A.—Yes, they are at it. But you really don’t think that Congressman Berger is going to compel the government to pass any bills in Congress? This Insurgent bunch that is growing up in the country is going to give you more than the reform Socialists ever asked for yet. The opportunists will be like the Labor party in England. I was in the office of the Labor Leader and Mr. Whiteside said to me: “Really, I don’t know what we are going to do with this fellow, Lloyd-George. He has taken every bit of ground from under our feet. He has given the working class more than the Labor party had dared to ask for.” And so it will be with the Insurgents, the “Progressives” or whatever they propose to call themselves. They will give you eight-hour laws, compensation laws, liability laws, old-age pensions. They will give you eight hours; that is what we are striking for, too—eight hours. But they won’t get off the workers’ backs. The Insurgents simply say. “It’s cruel, the way the capitalists are exploiting the workers. Why, look! whenever they go to shear them they take off a part of the hide. We will take all the wool, but we will leave the hide.” (Laughter.)

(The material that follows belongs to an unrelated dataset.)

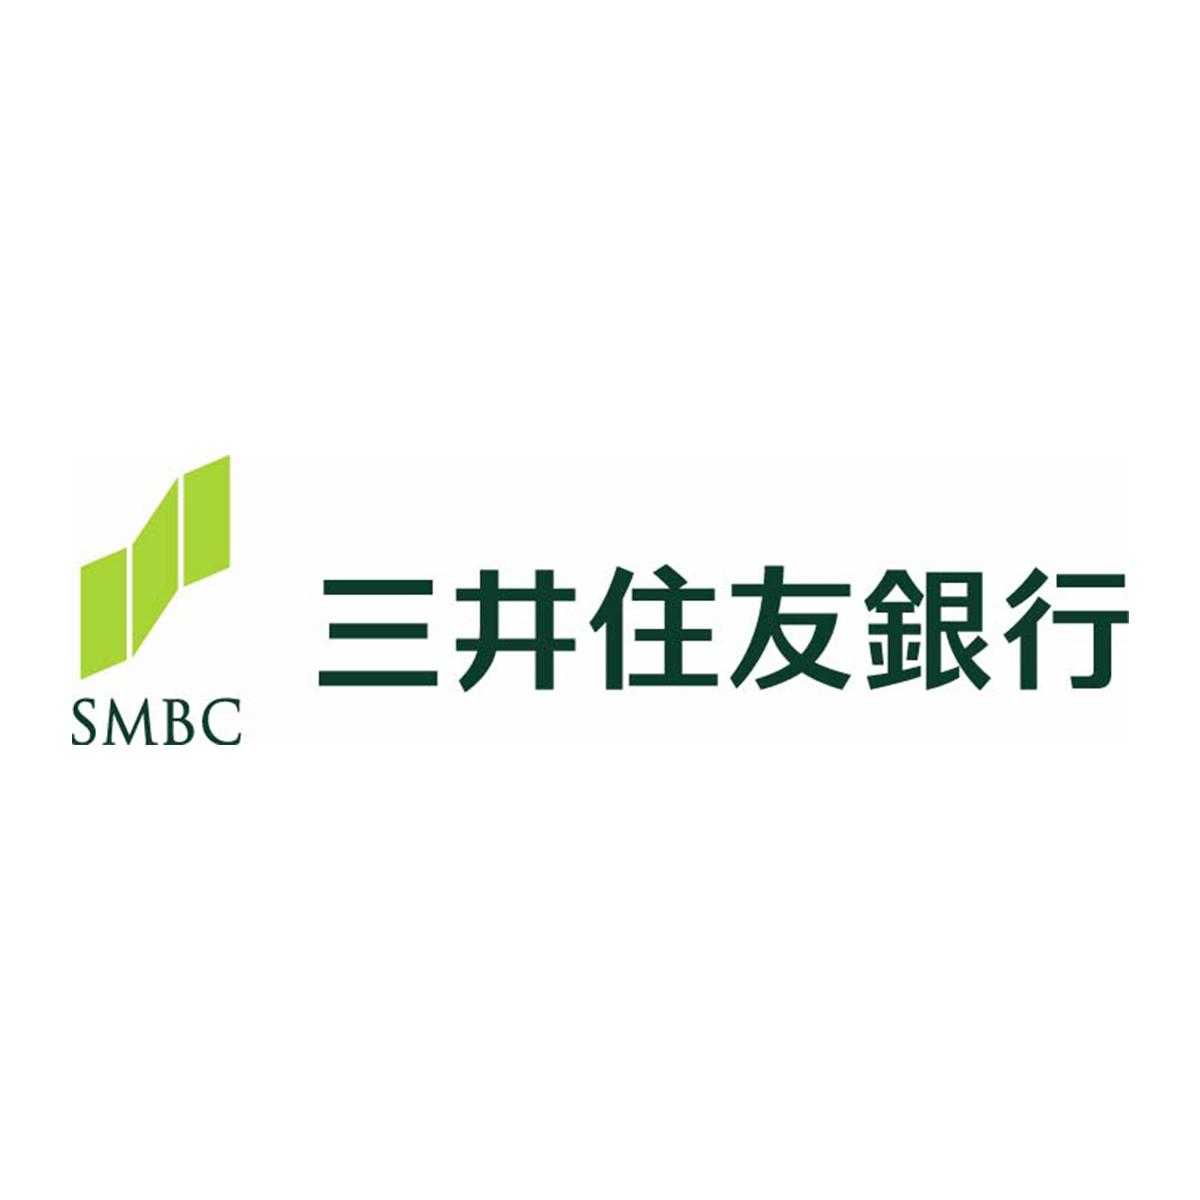 日本三井住友银行为老人介绍律师 帮助老年人管理财产

Q. (By a woman comrade)—Isn’t a strike, theoretically, a situation where the workingmen lay down their tools and the capitalist class sits and waits, and they both say, “Well, what are you going to do about it?” And if they go beyond that, and go outside the law, is it any longer a strike? Isn’t it a revolution?

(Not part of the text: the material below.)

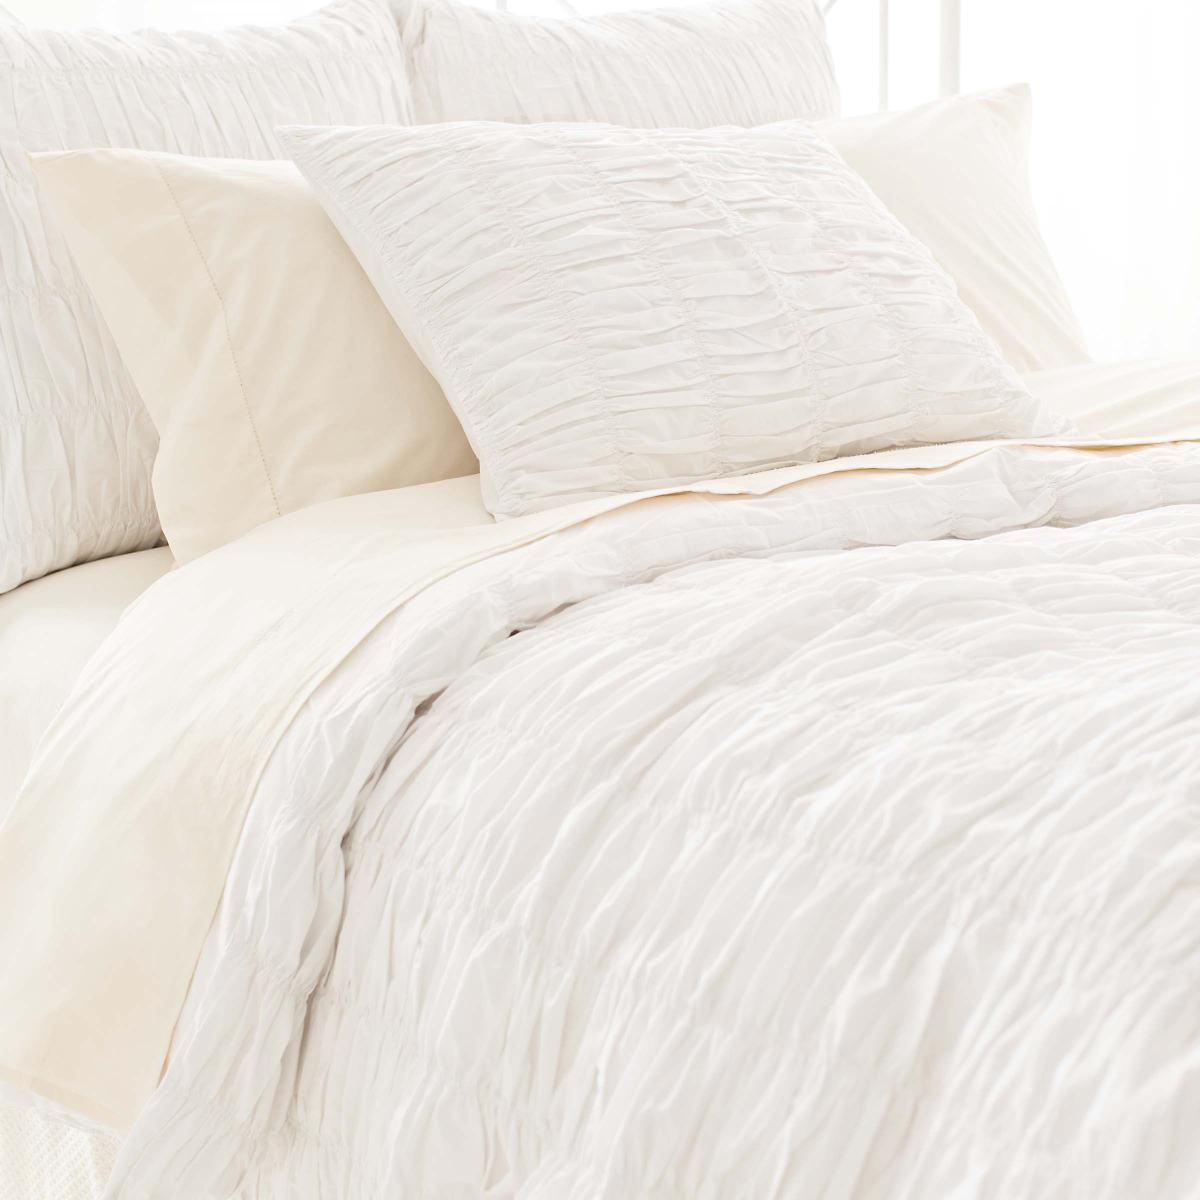 Smocked White Duvet Cover

A.—A strike is an incipient revolution. Many large revolutions have grown out of a small strike.
Q.—Well, I heartily believe in the general strike if it is a first step toward the revolution, and I believe in what you intimate—that the workers are damn fools if they don’t take what they want, when they can’t get it any other way. (Applause.)
A.—That is a better speech than I can make. If I didn’t think that the general strike was leading on to the great revolution which will emancipate the working class I wouldn’t be here. I am with you because I believe that in this little meeting there is a nucleus here that will carry on the work and propagate the seed that will grow into the great revolution that will overthrow the capitalist class.
4
Born in a slate-quarry town in Maine, Ben Williams (1877–1964) started working at the age of eleven in his older brother’s print shop in Nebraska. As Williams wrote: “The Western farmers’ revolt was in full swing with the Farmers’ Alliance. My brother supported the movement in his paper, and as a result, got all kinds of radical publications on exchange. Before my twelfth year, I was introduced to all the social philosophies—anarchism, socialism, communism, direct legislation, and Allt-ance programs … absorbing the idea of a New America and a better world” (letter to J. L. K., October 24, 1963).
Williams worked his way through college by typesetting
and teaching in a one-room school-house, joined the Socialist Labor Party in 1904, and became one of its lecturers and publicists. He became an I.W.W. member in 1905, shortly after the founding convention, and started soap-boxing and organizing for the One Big Union idea. He edited several issues of the I.W.W. Industrial Union Bulletin before it failed for lack of funds in 1909. When a new I.W.W. publication, Solidarity, started in Newcastle, Pennsylvania, during the 1909 McKees Rocks steelworkers’ strike, Williams became its typesetter and then editor, continuing at this until 1917. Williams who read French fluently, translated many articles by French radicals and published them in Solidarity during this period.